En tiempos de autobiografías instantáneas, redes convertidas en diarios abiertos y textos donde el yo se expone sin mediación, la poesía plantea una pregunta decisiva: ¿quién habla cuando un poema dice "yo"? ¿Habla la persona histórica que escribe? ¿Habla una voz creada por el lenguaje? ¿Habla, incluso, una sensibilidad sin dueño, un pulso afectivo que el poema genera en la mente del lector?
Explorar estas preguntas permite entender el poema no como un espejo de la vida, sino como un dispositivo donde la experiencia se transforma.

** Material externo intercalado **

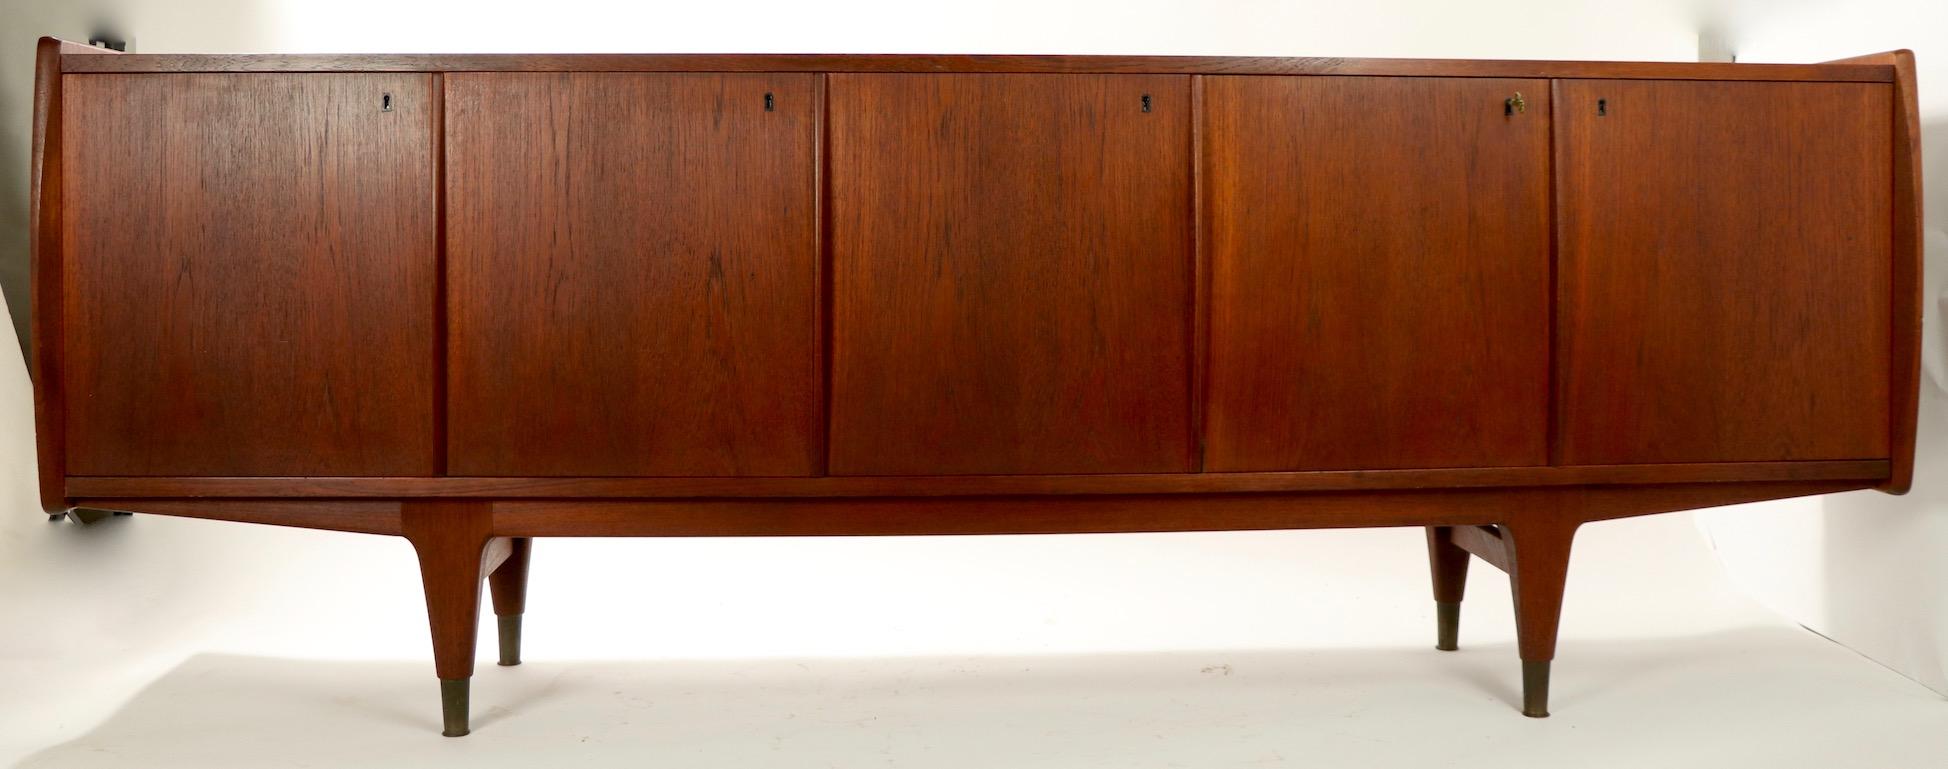 Exceptional Danish modern sideboard credenza of solid teak with four lockable doors, sculpted legs, and brass feet. The doors open to reveal shelved space and spaces with drawers. The case has sculpted sides which extend beyond the doors and top to

Para ello, resulta útil distinguir tres dimensiones que coexisten y se entrelazan: el yo biográfico, el yo poético y el yo lírico. No son categorías rígidas; son operaciones. Modos en que la poesía convierte lo vivido en lenguaje y lo convierte, también, en emoción compartida.
El punto de partida es el más obvio y, a la vez, el más engañoso: el yo biográfico, la persona que escribe. Un sujeto con historia, memoria, heridas y alegrías. Ningún poema nace del vacío; siempre hay un cuerpo que respira detrás de las palabras. Sin embargo, la biografía del autor resulta insuficiente para dar cuenta del sentido de un poema. Michel Foucault lo expuso con particular rigor en ¿Qué es un autor? (1969), al afirmar que la figura autoral no constituye un origen primario de significado, sino una "función del discurso". En este marco, el autor opera como principio organizador de unidad y coherencia, pero dicha unidad es producto de procedimientos complejos de selección, exclusión y jerarquización, antes que una propiedad inherente del sujeto que escribe. Así, el autor deja de ser la instancia privilegiada de interpretación y ya no garantiza por sí mismo el acceso al sentido del texto.

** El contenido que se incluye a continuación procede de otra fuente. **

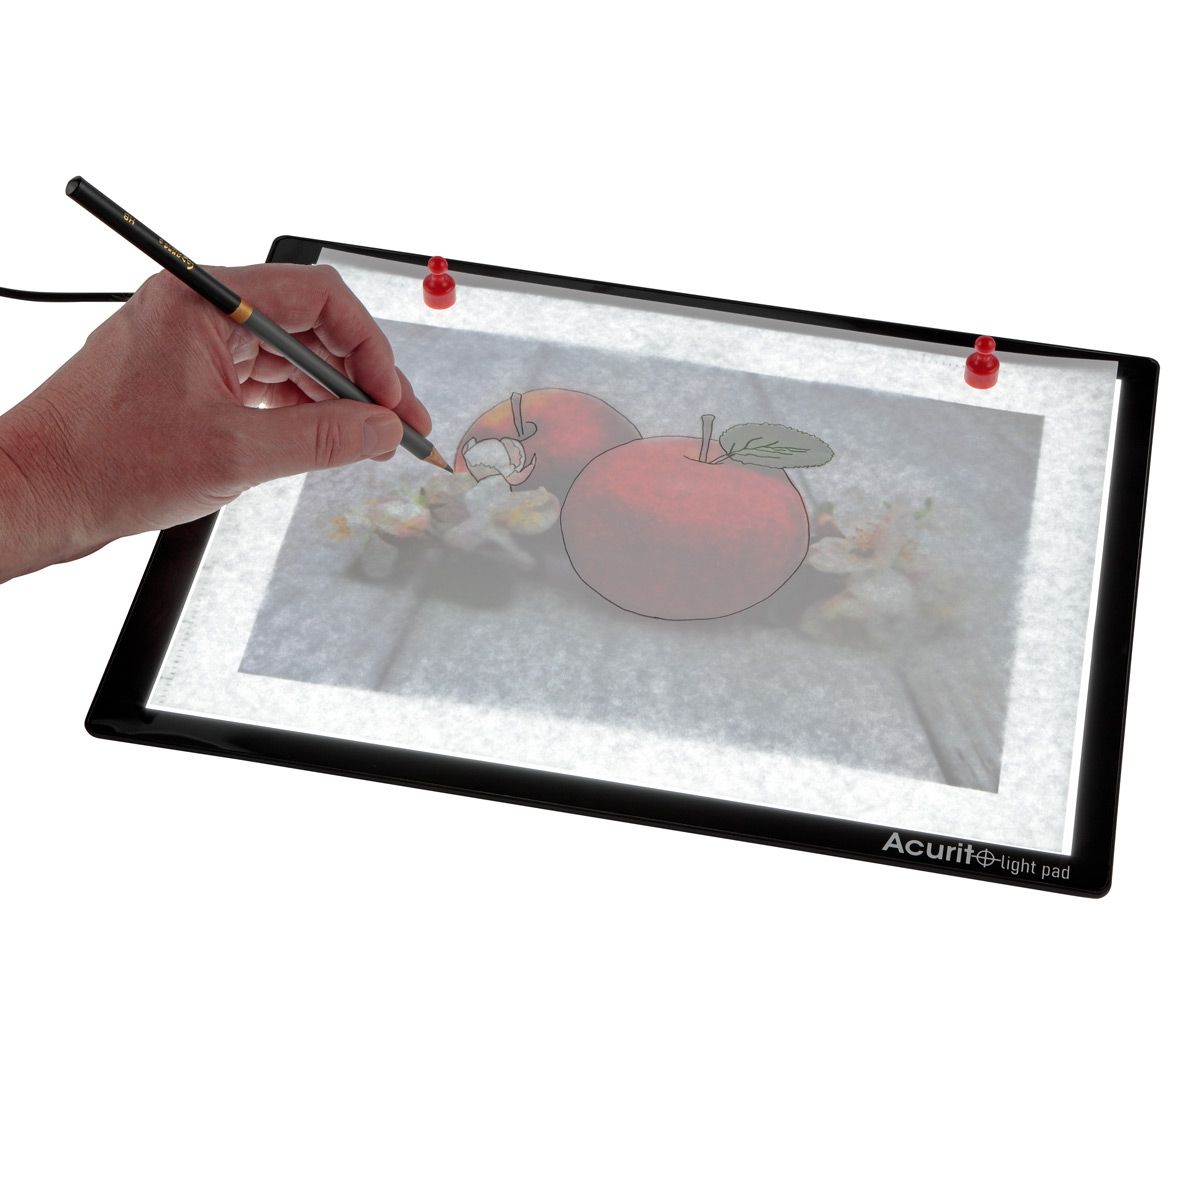 Durable, lightweight, compact, and portable Light Pad

Esta distancia entre vida y forma (autor y poesía), aparece también en clave irónica en el escritor dominicano Diógenes Céspedes, quien advertía en 1976 que la poesía no puede ser simple descarga emocional. Escribía:
"Si hace diez años que alguien hizo su primer pinino poético y encuentra como justificación la impotencia, la ira, las injusticias sociales, la angustia, el desprecio de una muchacha o el amor de otra, entonces no es poeta y debe, en consecuencia buscar por otros senderos las soluciones adecuadas a sus problemas. Si impotencia, consultar un psicólogo; si ira, un sedante; si injusticias sociales, abrazar la causa militante del partido; si desprecio de Eros, desamargarse o desahogarse en otra parte, no en el papel…” (Escritos críticos, p. 196).
La subjetividad personal, ya sea entendida como un sujeto gramatical o psicológico, como señala Céspedes desde una perspectiva rítmica, no es el enfoque principal del poema. Lo que realmente importa es cómo esa subjetividad se despliega en el discurso. Ninguna emoción, por sincera o intensa que sea, se transforma automáticamente en poesía.
Esa transformación se inicia con el yo poético, la voz que enuncia el poema. Roland Barthes lo define como un "sujeto de enunciación" (El susurro del lenguaje, 1979): una instancia textual que organiza el discurso, adopta una máscara y dirige la atención estética. No es una falsedad ni un disfraz para esconder al autor, sino un mecanismo que permite intensificar el lenguaje, ordenar el ritmo, construir una mirada.
T. S. Eliot insistió en separar la vida del poeta y la voz del poema mediante una frase ya célebre: la poesía, dijo, es "una fuga de la personalidad", no su expresión directa. En este sentido, la frase que a menudo se le atribuye —"el yo poético no confiesa: transfigura"— resume un principio fundamental: el poema no es un testimonio (el relato fáctico de los eventos), sino una construcción, un artefacto verbal. Aquí la emoción personal se vuelve estructura; la experiencia se hace imagen… El yo poético es, pues, una herramienta estética.
Paul Valéry llevó esta idea más lejos cuando afirmó: "El poeta es la menos poética de las cosas existentes, porque no tiene identidad…, es constantemente forma y materia de otro cuerpo". Para Valéry, el poeta no es un yo estable, sino una figura en mutación que presta su lengua a múltiples voces; es decir, deja de ser un individuo con opiniones y sentimientos propios, para encarnar la propia esencia de lo poético. El poema habla a través de él, no de él.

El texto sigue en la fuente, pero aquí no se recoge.